Связь мафиозно-авторитарной власти с неспособным к установлению доверия, лукавым населением сразу прямая и обратная, образует порочный круг. Выше мы рассмотрели, как лживость населения порождает авторитарный характер власти. Обратная связь состоит в том, что авторитарная власть заинтересована в поддержании условий своего существования: разобщенности населения, недоверия людей друг другу, их готовности прибегать ко лжи.
Василий Владимирович Шульженко “Ряженные”
Авторитарно-мафиозная власть заинтересована в распространении цинизма и веры в доминирующую подлость людей, с единственным исключением: прекрасного и мудрого человека, с которым нам всем фантастически повезло; фамилию можно и не называть.
Эта вера насаждается с помощью всех средств массовой информации.

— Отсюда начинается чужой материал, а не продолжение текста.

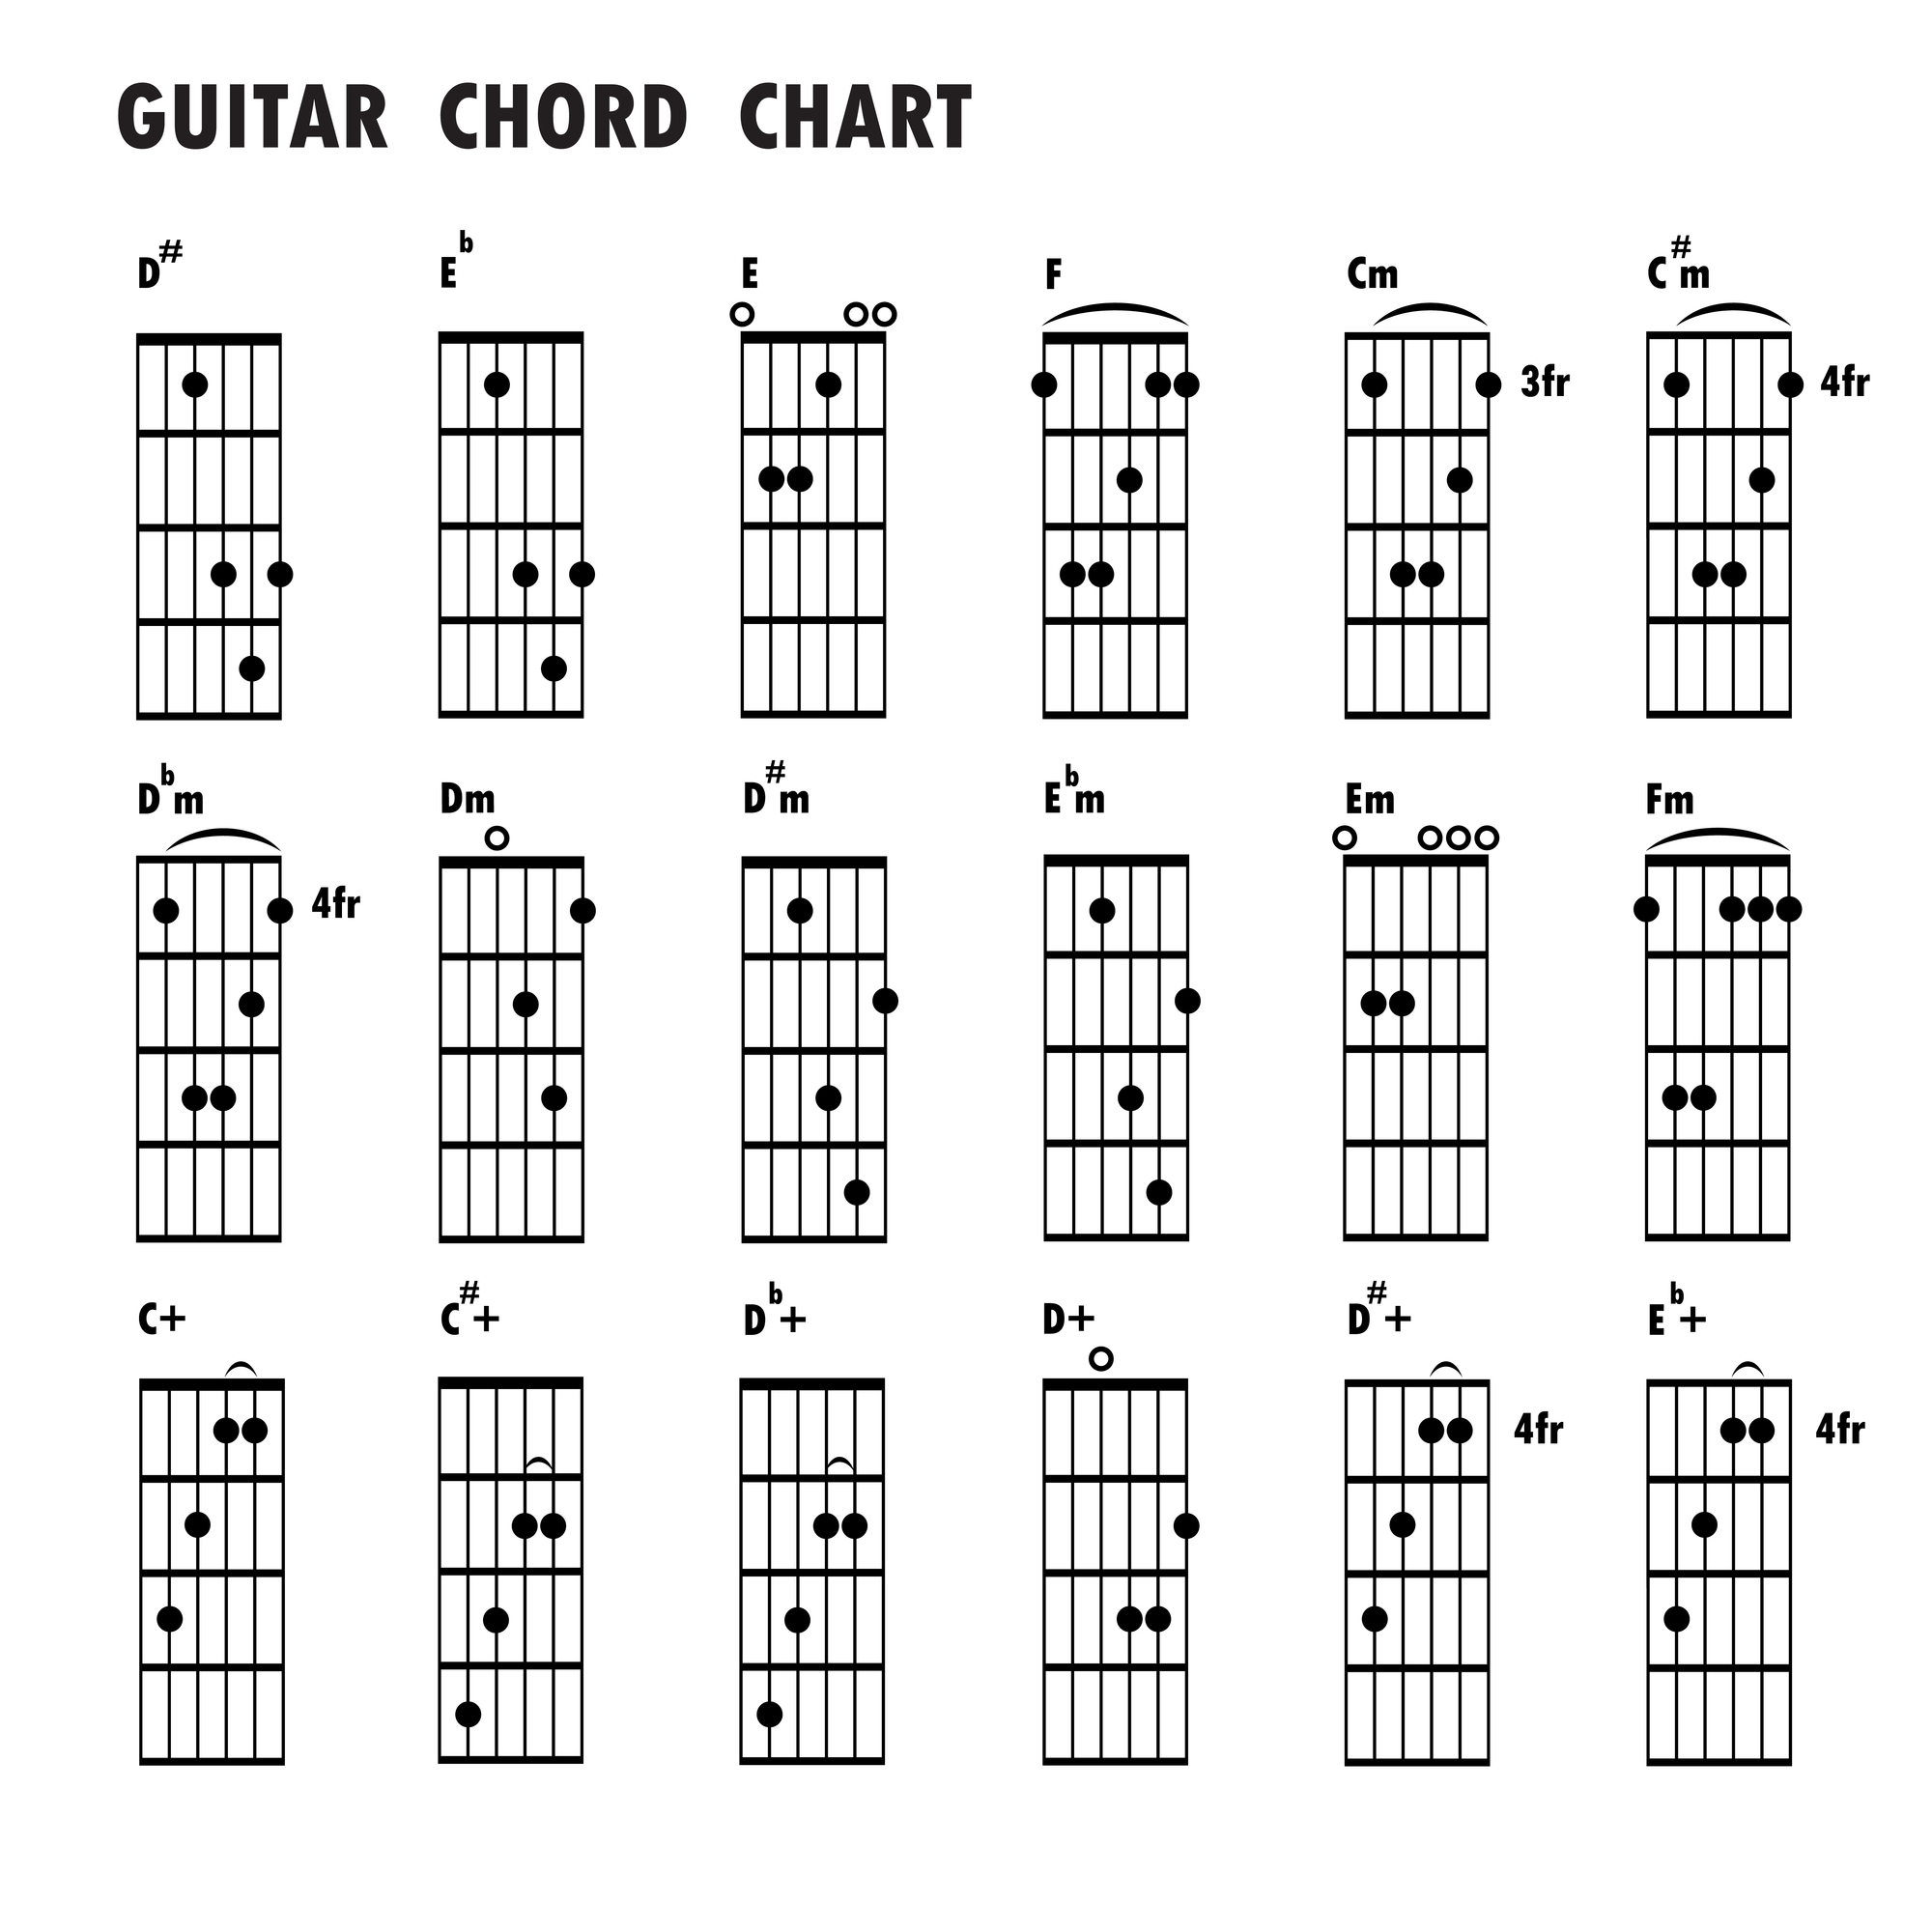 Guitar Chord Chart A Comprehensive Guide To Reading Guitar Chord Diagrams

Соединение общего цинизма с культом верховного властителя приобретает особую силу благодаря еще одному важному фактору, жажде признания человеческого достоинства.
Вслед за Гегелем и его видным последователем и интерпретатором, русско-французским мыслителем прошлого века Кожевым (Кожевниковым),
Александръ Владиміровичъ Кожевниковъ (1902 — 1968) — философ-неогегельянец. Оригинальное истолкование философии Гегеля Кожевым имело значительное влияние на интеллектуальную жизнь Франции и европейский философский климат XX века.

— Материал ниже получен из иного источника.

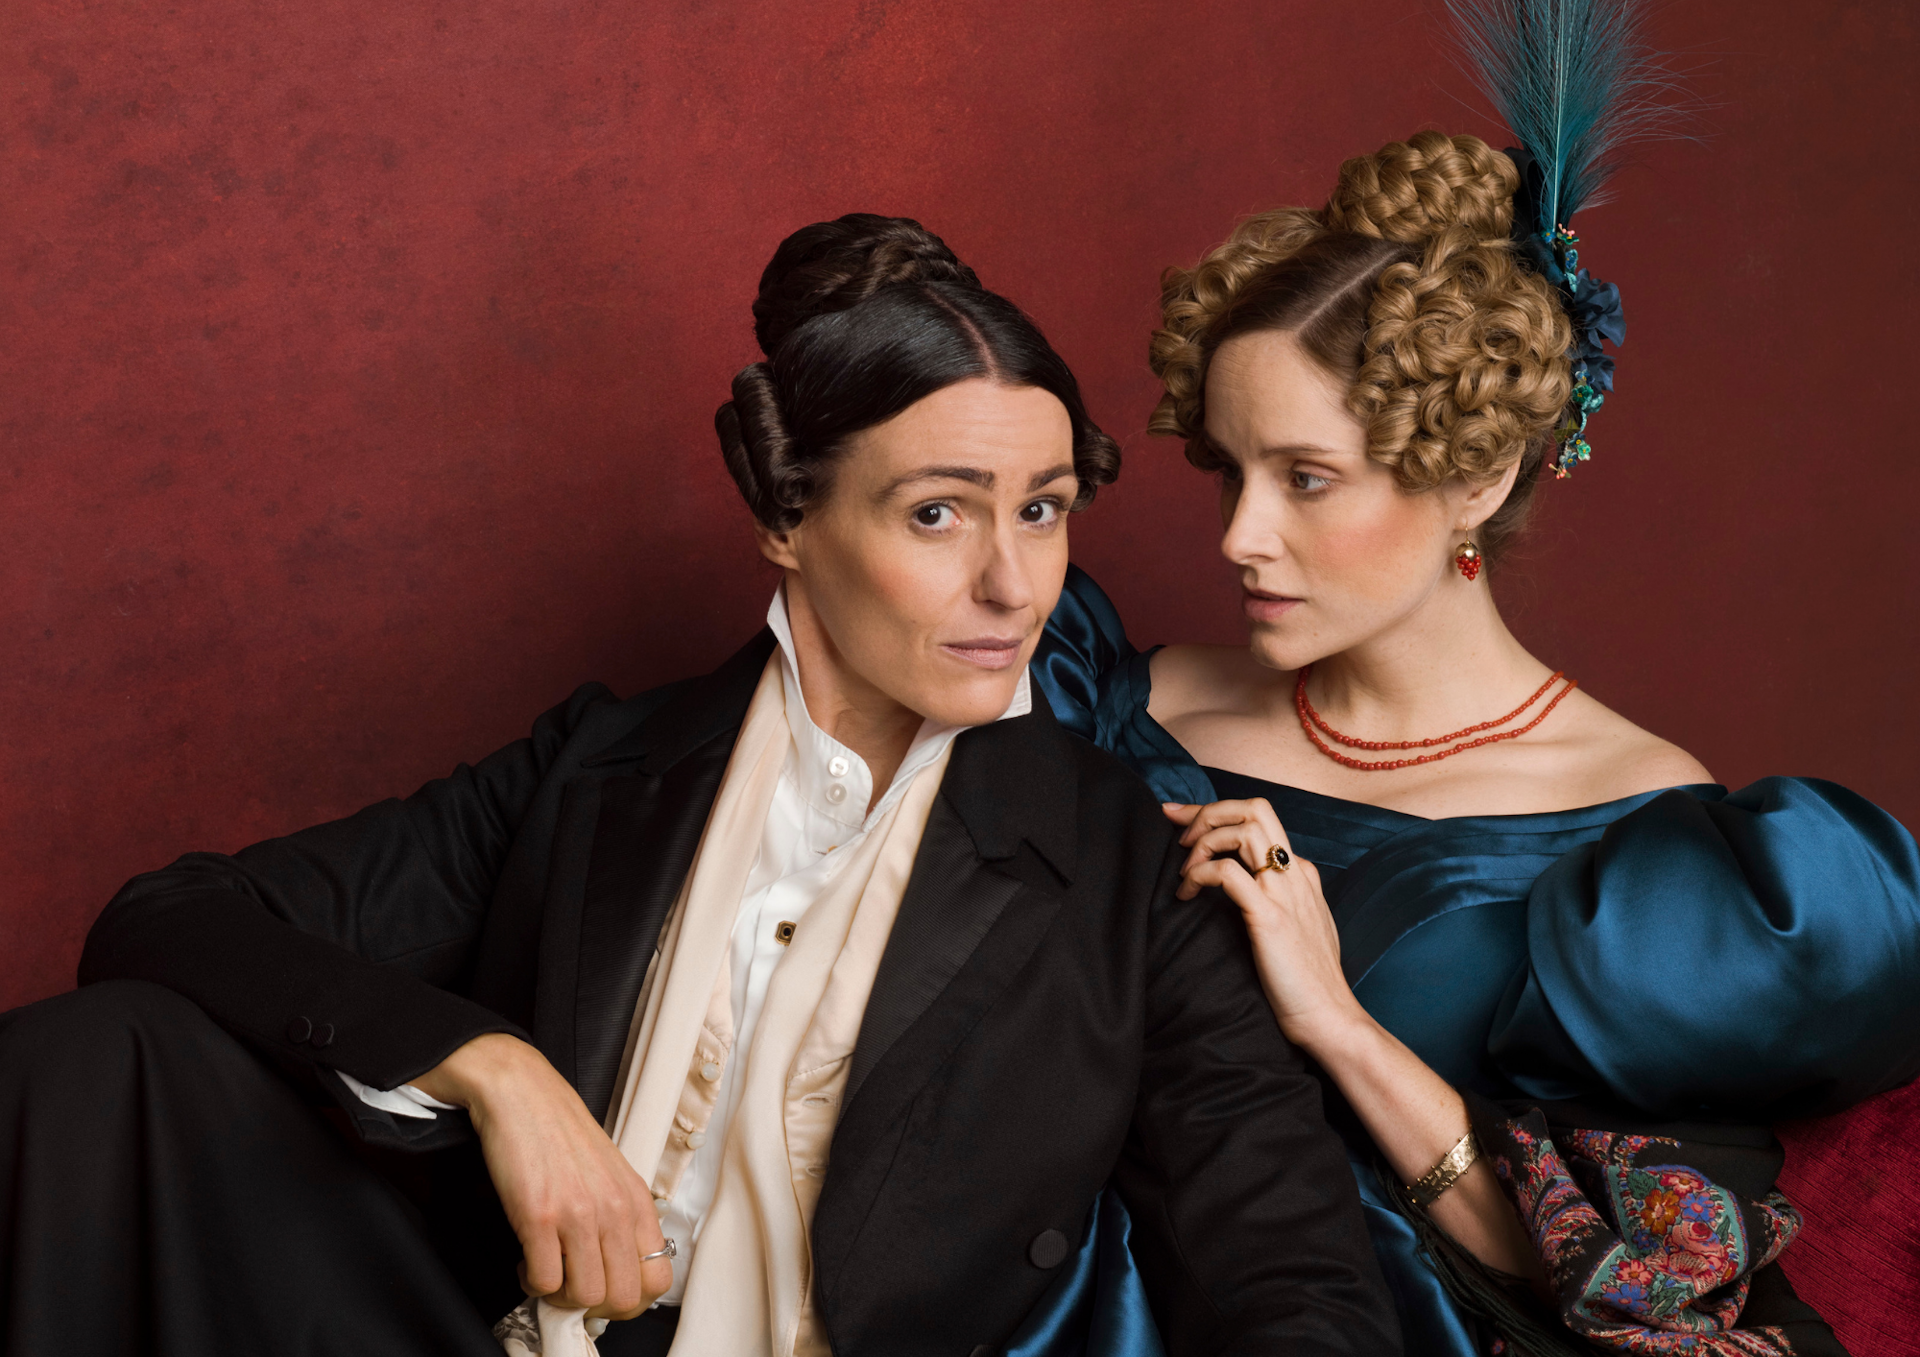 Five lesbian expressions from the 19th century to remember when watching Gentleman Jack pic

Фрэнсис Фукуяма ставит жажду признания во главу угла понимания движущих сил истории; раскрытию этой идеи посвящен его труд «Конец истории и последний человек». Посмотрим с этой позиции на положение homo soveticus в порожденном его духом царстве лжи и беззакония. В силу последнего, любой человек в таком обществе может быть безнаказанно унижаем; стремление же к унижению другого возникает как теневая сторона стремления к утверждению собственного достоинства. Самые низы населения, не занимающие никаких позиций в пирамиде власти, унижаемы всеми, кому ни лень: от непосредственных начальников до рядовых полицейских, не говоря уже о фигурах повыше. Мужья переносят это унижение на жен, жены на мужей, родители на детей, подрастающие дети на родителей. Властные фигуры также не свободны от унижения: у каждого есть тот, кто может безвозмездно его унизить, подчеркнув тем свое значение. Исключение составляет лишь один человек, единый неуниженный, чтимый и превозносимый не только всей пирамидой власти, но и народом. В тотальности своего цинизма и недоверия, homo soveticus делает одно исключение: сияющую фигуру верховного властителя. Должен же быть в стране хоть один прекрасный человек!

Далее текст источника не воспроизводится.